**** The data ****

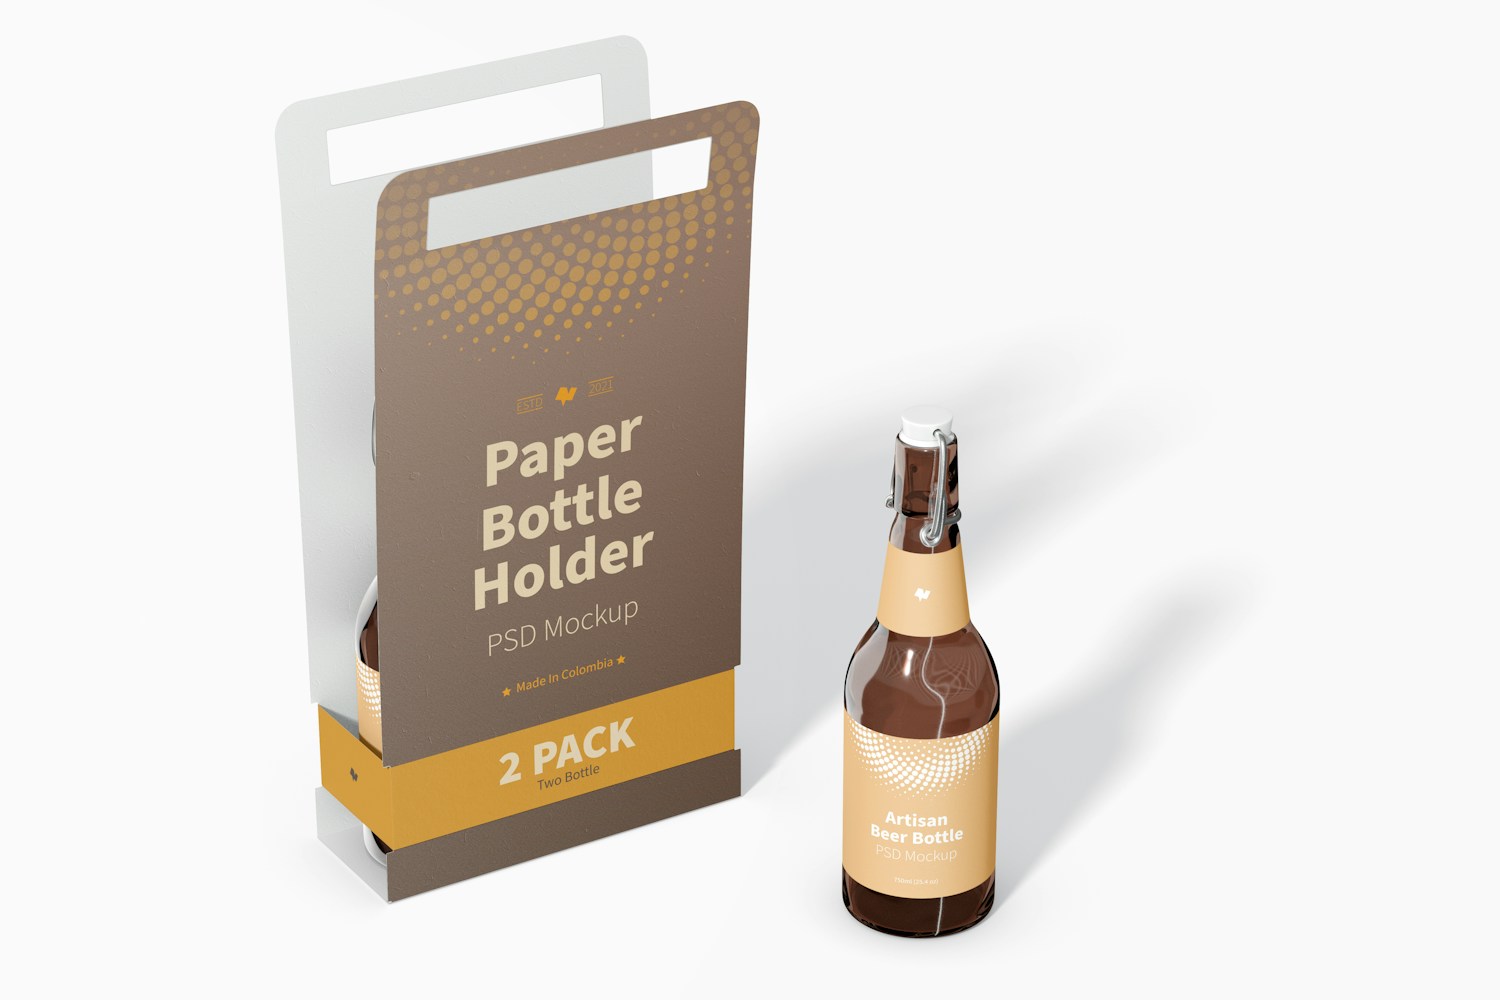 2 Pack Paper Bottle Holder Mockup, Perspective
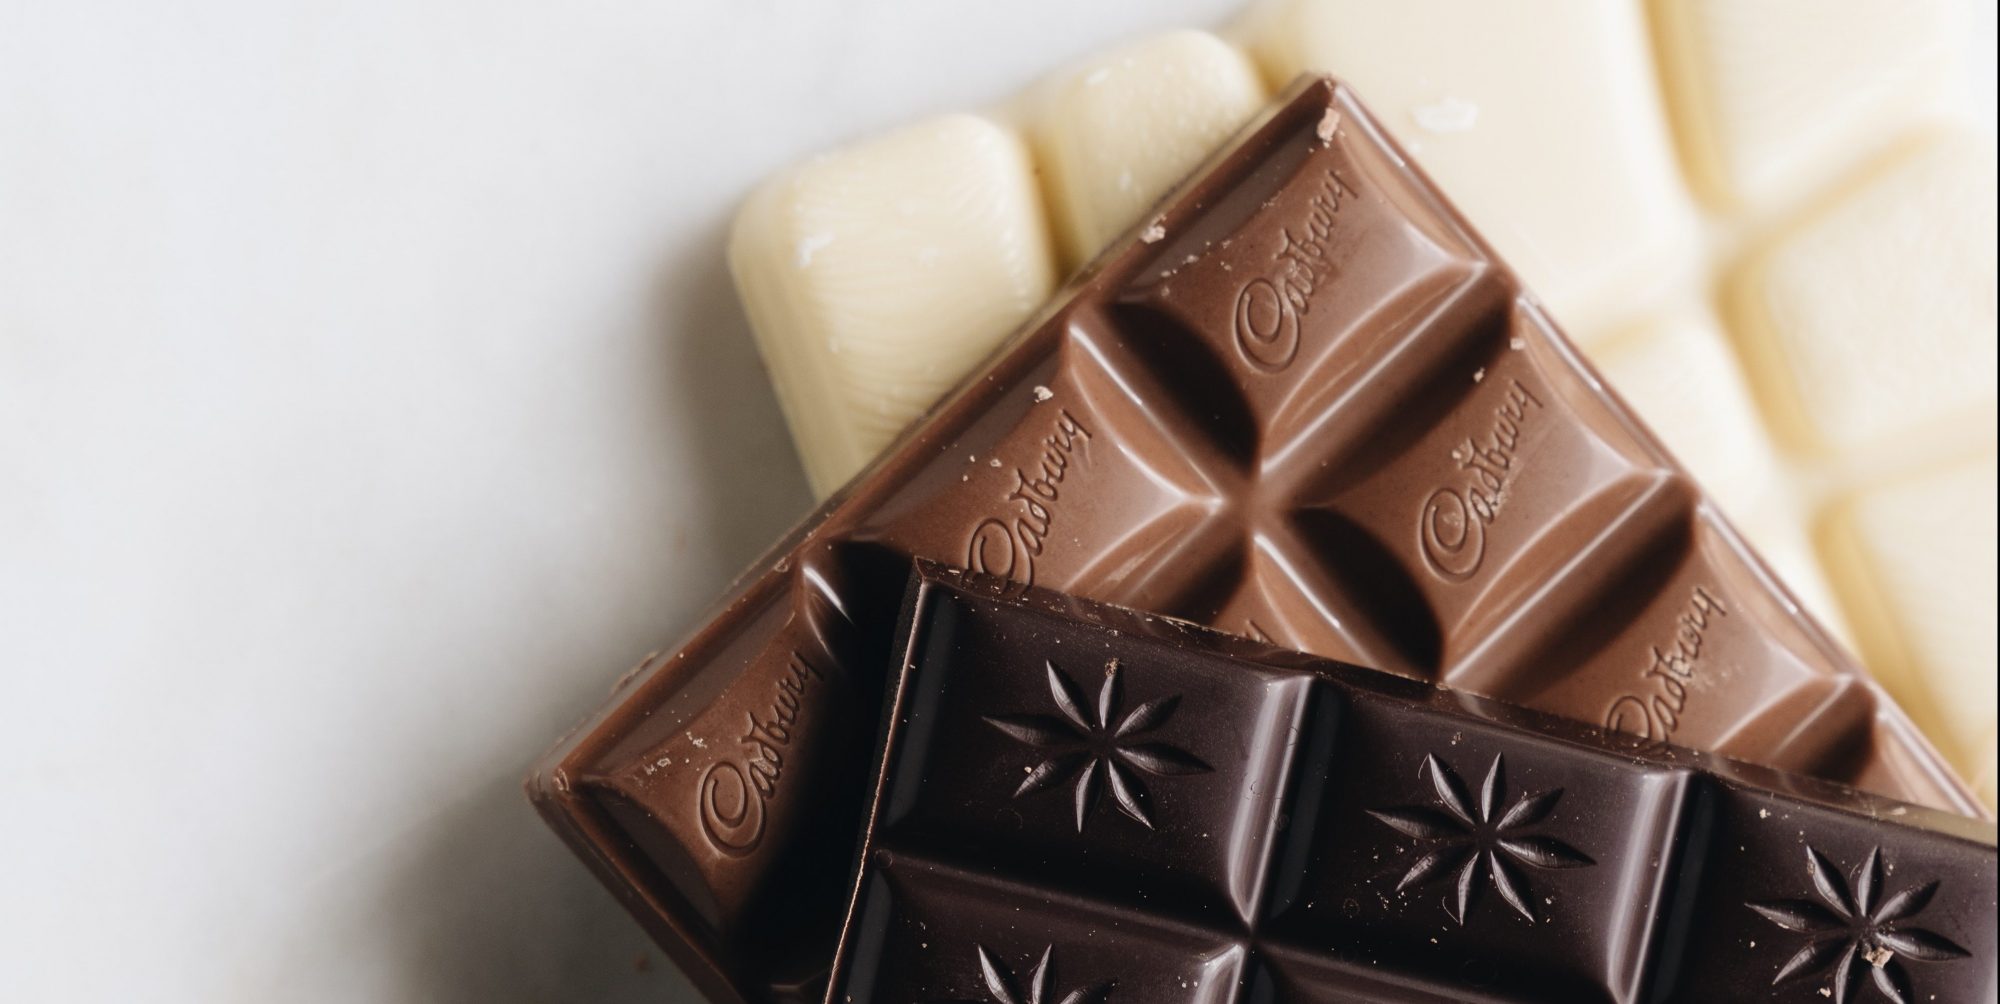 Αυτή η σοκολάτα έχει τις λιγότερες θερμίδες. Και δεν αναφερόμαστε στην bitter Και όμως μπορείς να φας περισσότερες σοκολάτες από ότι περίμενες!
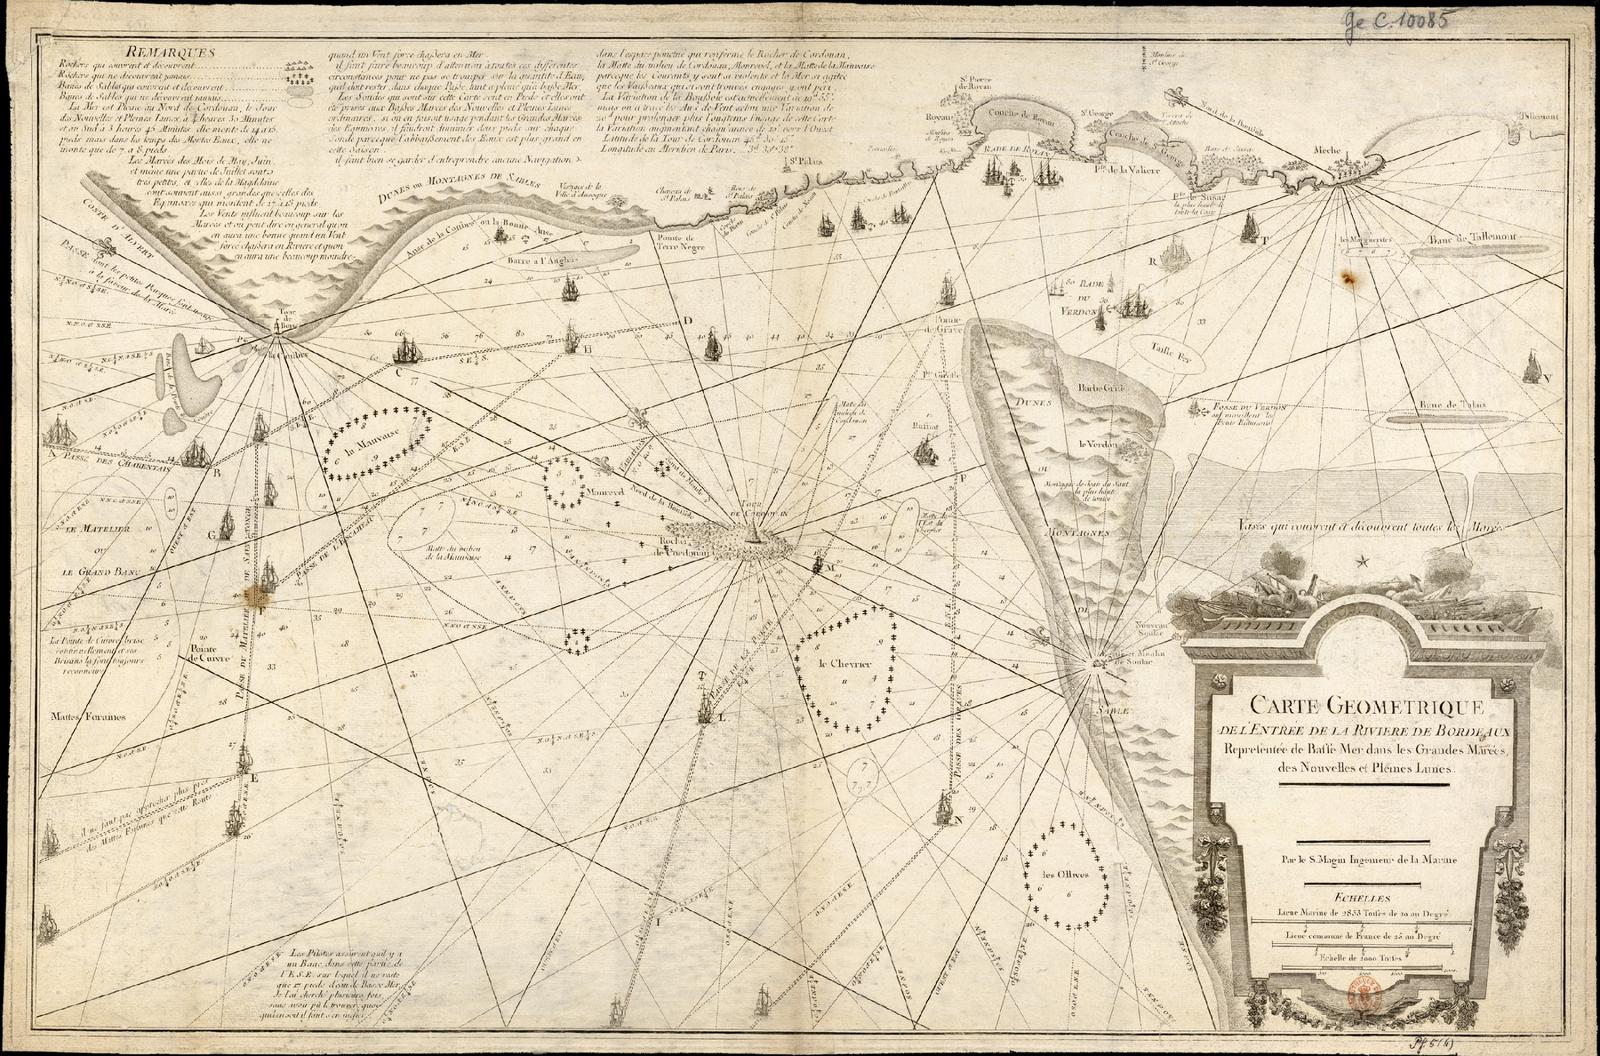 Carte géométrique de l'entrée de la Gironde, 1757

****

• **What is required**: From the first line to the last, repeat the material exactly, but drop the pictures.

• **Written response**:
 2 Pack Paper Bottle Holder Mockup, Perspective
 Αυτή η σοκολάτα έχει τις λιγότερες θερμίδες. Και δεν αναφερόμαστε στην bitter Και όμως μπορείς να φας περισσότερες σοκολάτες από ότι περίμενες!
 Carte géométrique de l'entrée de la Gironde, 1757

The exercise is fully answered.